Она любила, когда он что-нибудь рассказывал, даже когда он нес явную чушь. Он рассказал о грибке в квартире.
– А у тебя как дела?
– Отлично. У меня все хорошо, у Олега тоже. Вот только он по тебе скучает.
– Так и сказал?
– Ты знаешь это и без его слов, Харри. Мог бы обойтись с ним помягче.
– Я? – Харри изумленно воззрился на нее. – Это был не мой выбор.
– Да что ты! – Ракель взяла со стойки бокал. – То, что мы расстались, не означает, что вы с Олегом больше не должны встречаться. Ваша дружба важна для вас обоих. Привязанности вам даются с таким трудом, что надо бы ценить те, что уже есть.
Харри пригубил свою колу:
– А как у Олега с твоим?
– Его зовут Матиас. – Ракель вздохнула. – Они стараются наладить отношения, но они такие… разные. Матиас идет навстречу, но Олежка все усложняет.
Харри почувствовал сладкий укол умиротворения.
– К тому же Матиас много работает.
– А я-то думал, что тебе не нравится, когда мужик работает, – произнес Харри и в тот же миг пожалел о сказанном.
Но Ракель не рассердилась, она грустно вздохнула:
– Дело было не в том, что ты работал, Харри, а в твоей одержимости. Ты сам и есть работа, и движет тобой не любовь, не ответственность. А солидарность. Никаких личных устремлений, вот в чем дело. В твоей душе только жажда мести. А это неправильно, Харри, так быть не должно. Ты сам знаешь, что произошло.
«Да, – подумал Харри, – и в твой дом я занес заразу».
Он кашлянул и поинтересовался:
– Ну а твой… он-то хоть занимается… правильными вещами?
– Матиас теперь по ночам дежурит в отделении скорой помощи.

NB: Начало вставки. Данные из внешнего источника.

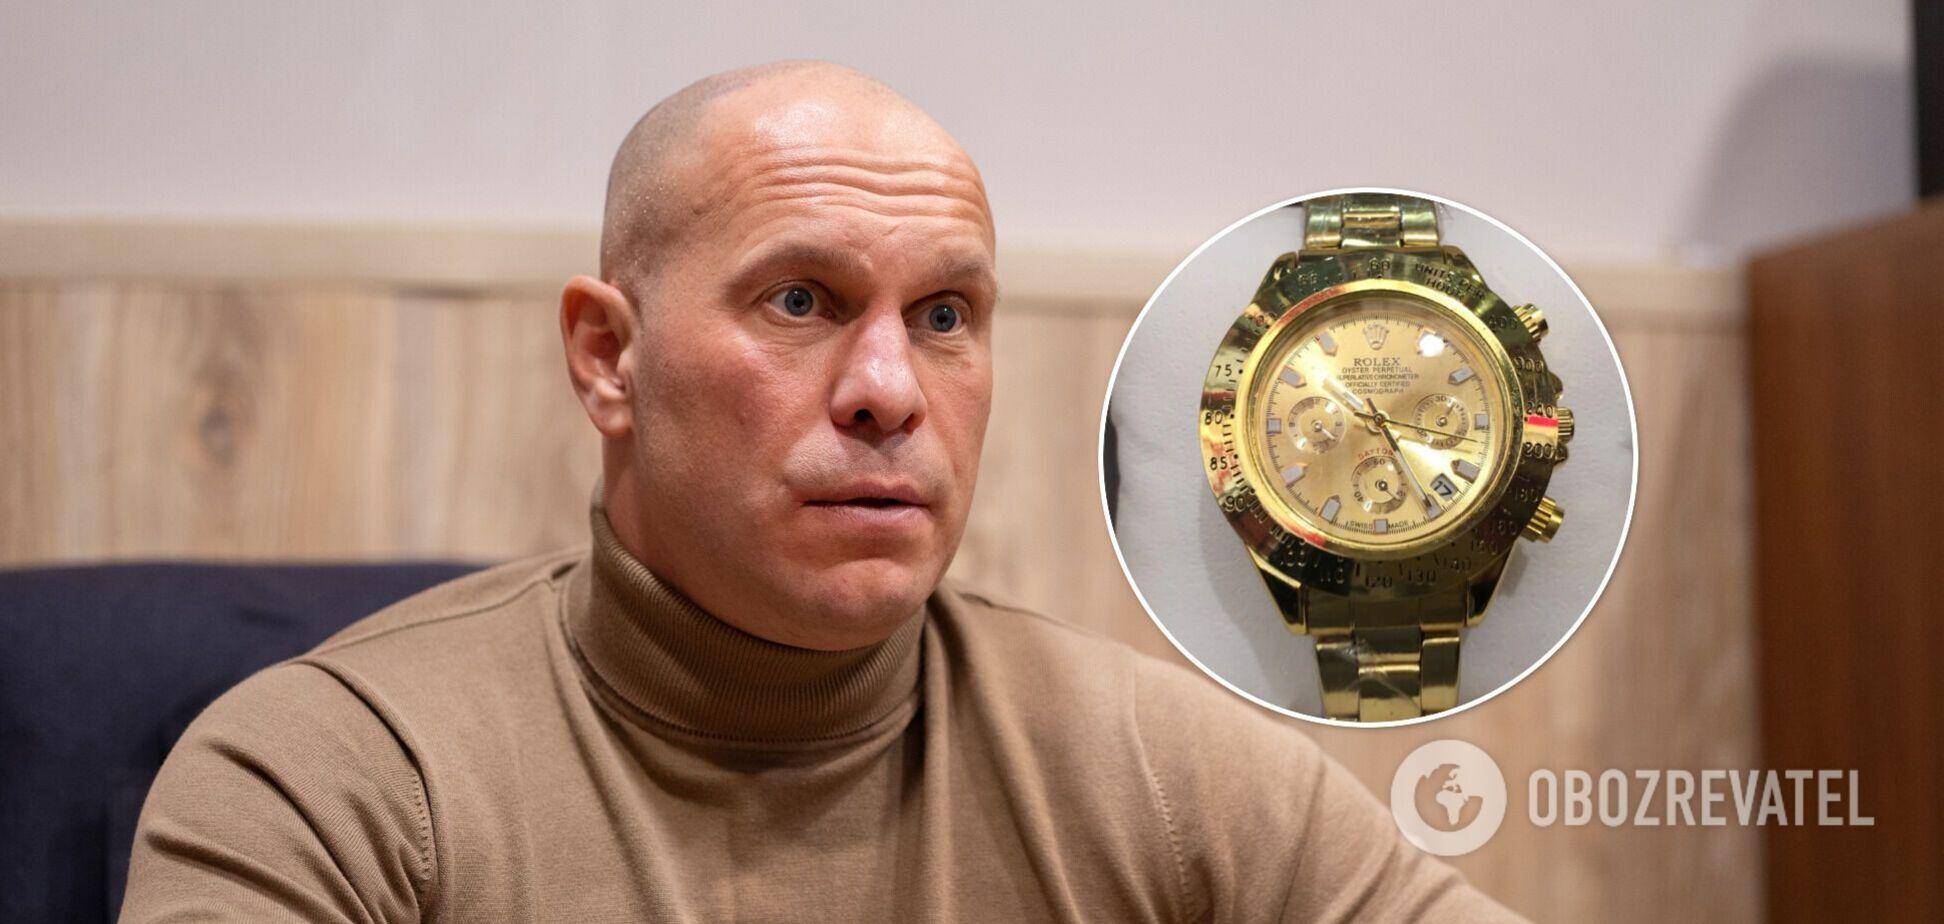 Кива обнародовал новую декларацию: исчезла жомовая яма, но появились часы Rolex

Добровольно. А днем читает лекции в Институте анатомии.
– А еще он, конечно, донор и член неправительственной организации «Международная амнистия»?

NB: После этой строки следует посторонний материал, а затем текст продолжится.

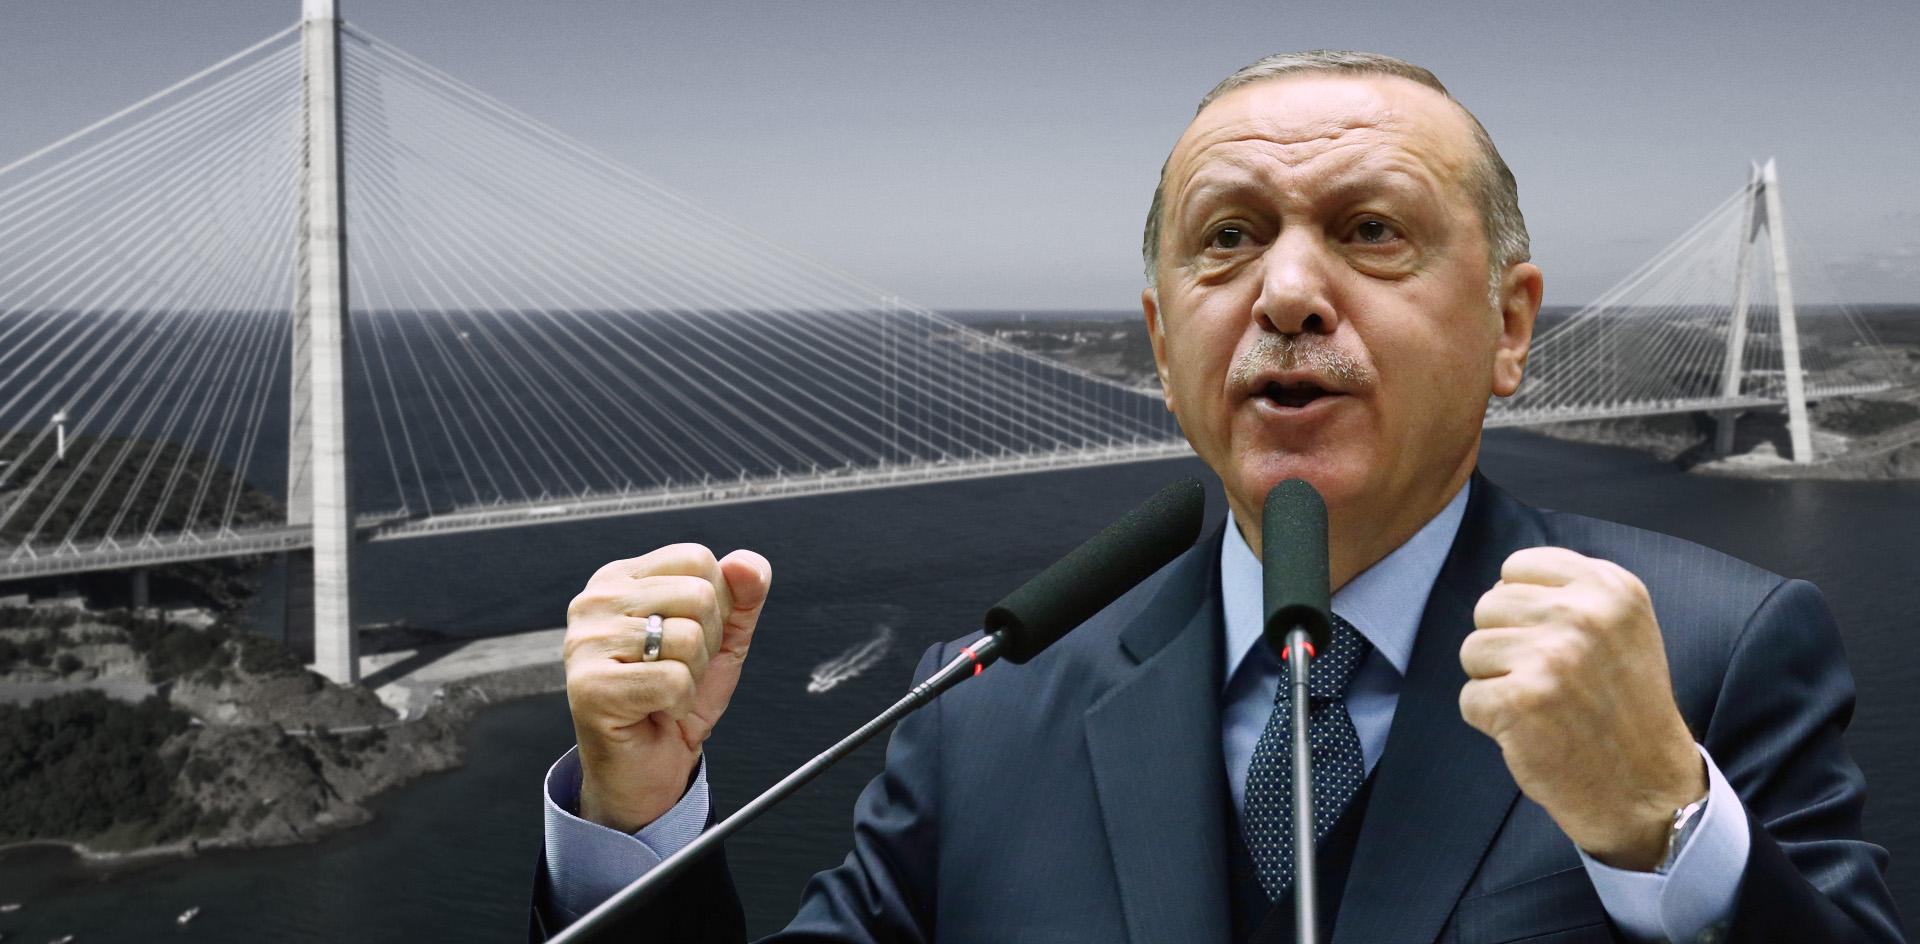 Эрдоган и его безумный проект канала «Стамбул»

– Вторая группа с отрицательным резусом – это большая редкость, Харри. А «Амнистию» ты сам поддерживаешь, я же знаю.
Она помешала оранжевой соломинкой в почти полном стакане, красная жидкость заплескалась вокруг кубиков льда. Кошениль.
– Харри… – начала она.
Что-то в ее голосе заставило его напрячься.
– Мы с Матиасом хотим съехаться. После Рождества.
– Так быстро? – Харри провел языком по пересохшему нёбу, стараясь добыть хоть каплю влаги. – Вы же знакомы не больше года.
– Полтора. А к лету мы планируем пожениться.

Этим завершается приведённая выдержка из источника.